Korin paused and frowned at the other two. “Now, that’s my thinking. It may be wrong, so feel free to poke holes in it. Ask questions.”

Elke said softly, “If you don’t mind, I’d rather ask about the other part of what you said earlier.”

“Other part.”

“You told us, `we’ll find out soon enough if I’m right.’ What made you say that?”

“No secret there. We can’t sit here until this ship rots around us. I’m organizing a shore party to explore the land—”

“That’s terrific! I’ve been analyzing data from the orbiters, and I’ve been wondering about a thousand other things—”

“ — but you won’t be part of the shore group, Elke.”

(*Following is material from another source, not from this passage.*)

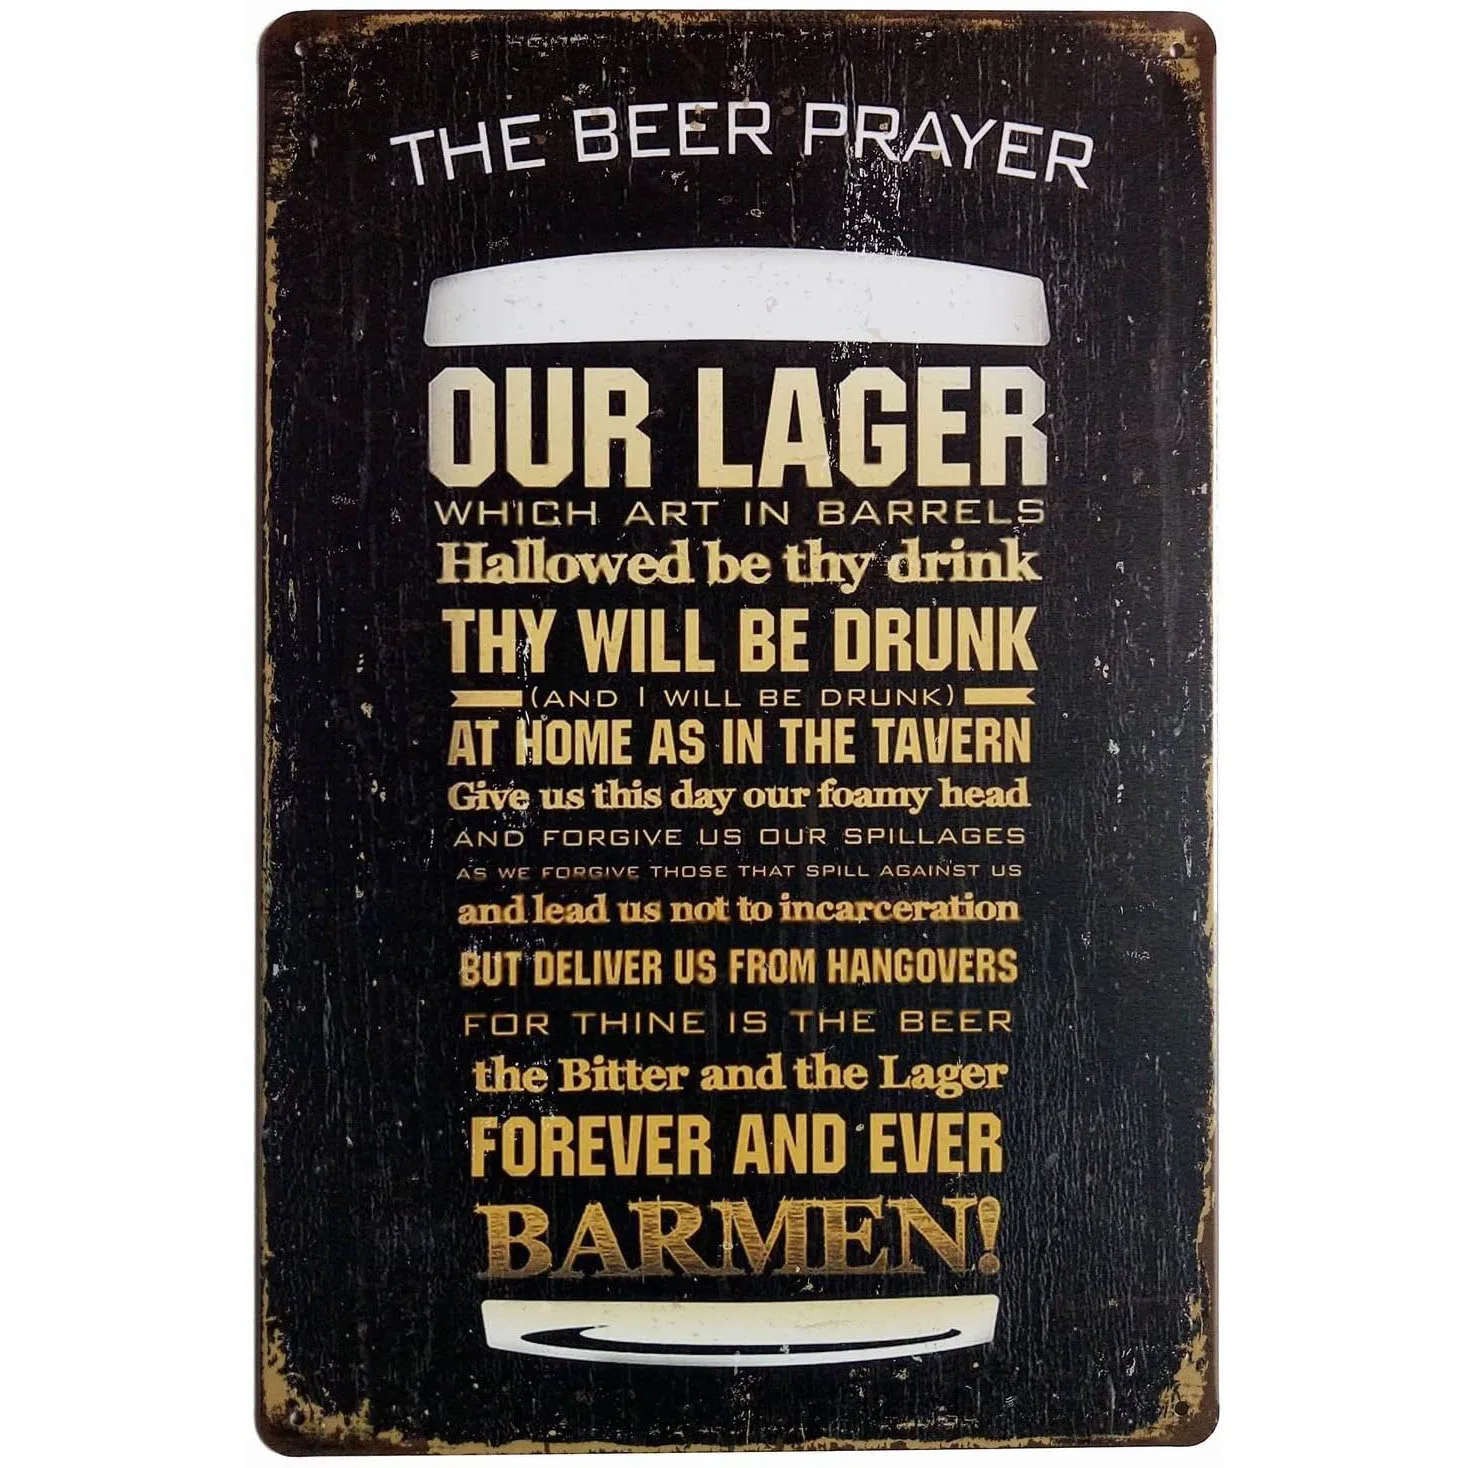 

The Beer Prayer Tin Signs Vintage Retro Metal Bar Pub Poster Wall Plaque Customizable 12 X 8 Inches or 12 X 16 Inches Decor

“What! I’m not an engineer. I don’t know how to keep things running on the ship. But ashore, I can—”

“No. You have other things to do, and they may be a lot more important than going ashore. You were the one who came up with the idea that we’re lost, not just somewhere in our own universe but somewhere in an infinity of universes. You’re our best shot — I’d say our only shot — at cracking the secrets of the multiverse. I want you focused on that, and the properties of the alien Link. I want to know about other universes that we might be able to reach — are they more or less similar to our own, could humans survive in them. I don’t want you distracted by thoughts of Limbo’s other life-forms, or war games, or shore parties. Understood?”